# The task
The result should be the lines from the one that contains "BMW M4 2020" to the final line of the entries below, copied exactly and with no pictures.
═══ Exercise material ═══
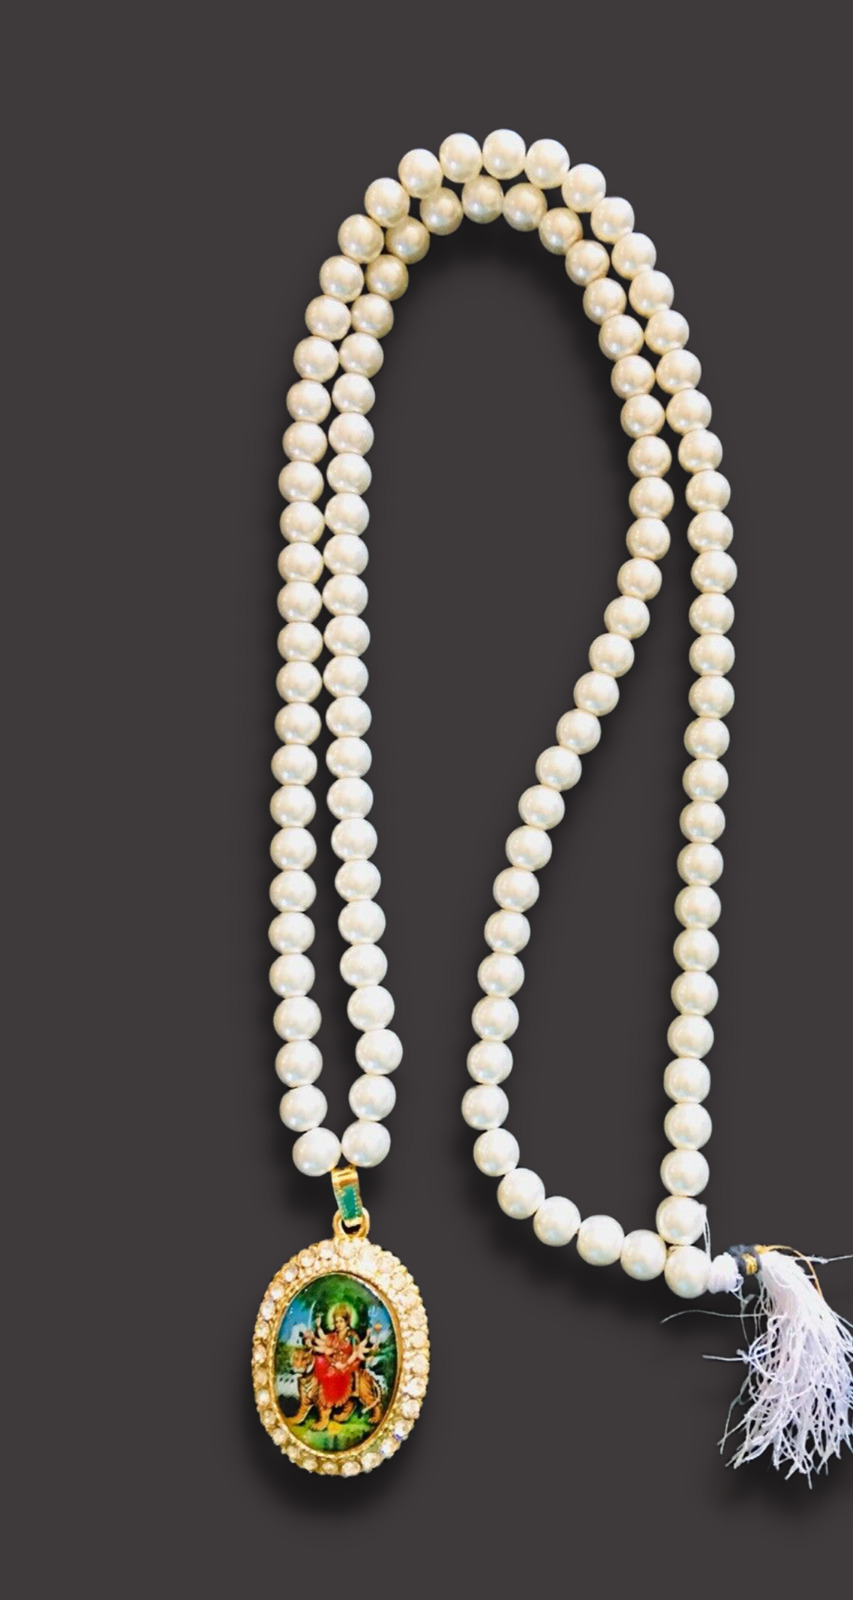 DURGA MAA Pendant Locket With 100 Pearl Stone Necklace Hindu Religious ENERGIZED
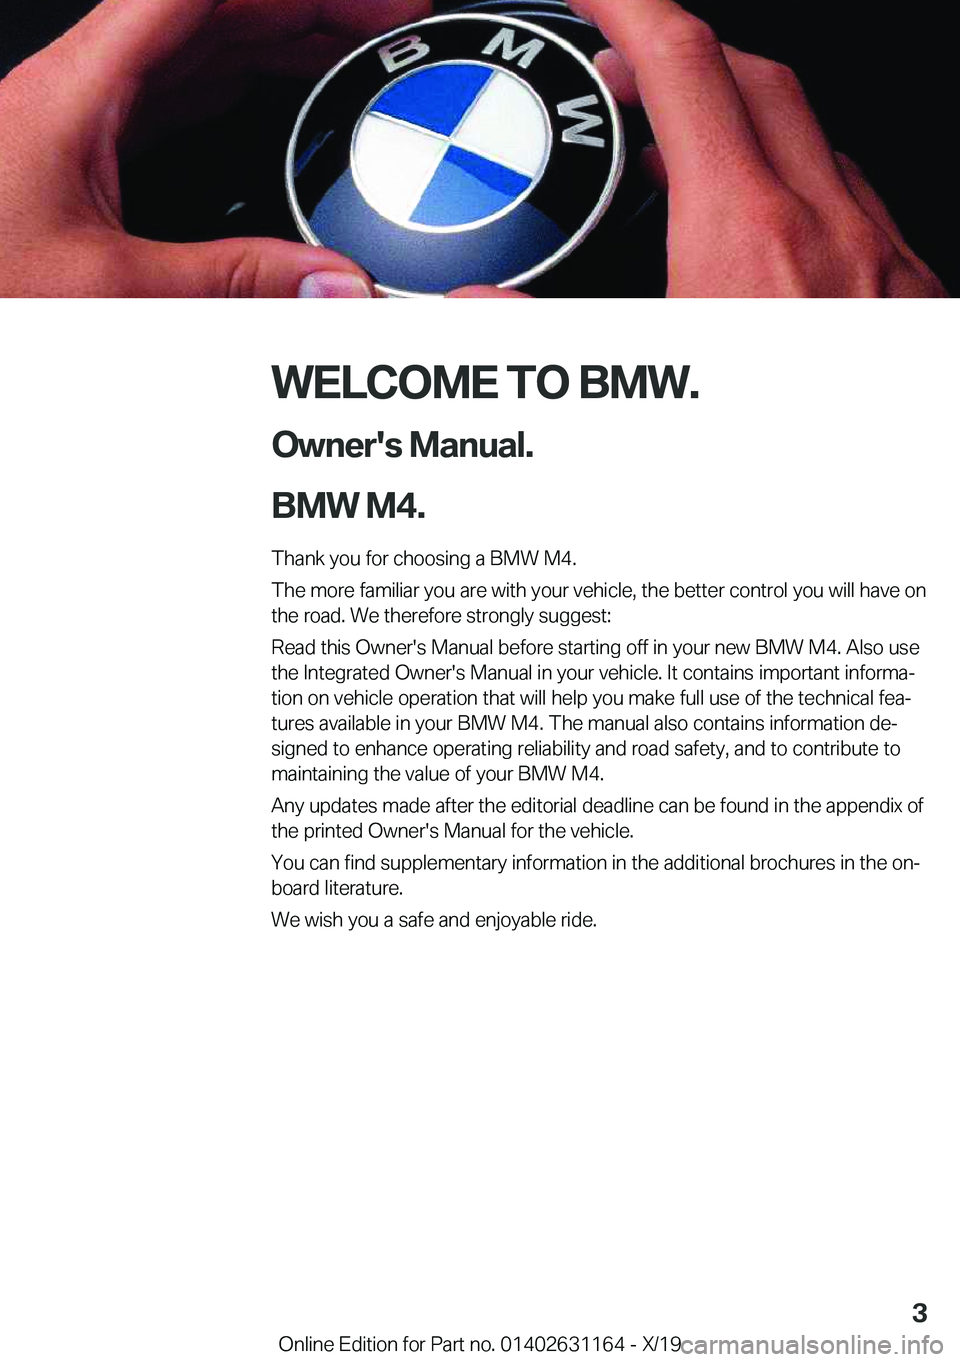 BMW M4 2020  Owners Manual �W�E�L�C�O�M�E��T�O��B�M�W�.�O�w�n�e�r�'�s��M�a�n�u�a�l�.
�B�M�W��M�4�.
�T�h�a�n�k��y�o�u��f�o�r��c�h�o�o�s�i�n�g��a��B�M�W��M�4�.
�T�h�e��m�o�r�e��f�a�m�i�l�i�a�r��y�o�u��a�r�e��w�
═══
# Your solution
 BMW M4 2020  Owners Manual �W�E�L�C�O�M�E��T�O��B�M�W�.�O�w�n�e�r�'�s��M�a�n�u�a�l�.
�B�M�W��M�4�.
�T�h�a�n�k��y�o�u��f�o�r��c�h�o�o�s�i�n�g��a��B�M�W��M�4�.
�T�h�e��m�o�r�e��f�a�m�i�l�i�a�r��y�o�u��a�r�e��w�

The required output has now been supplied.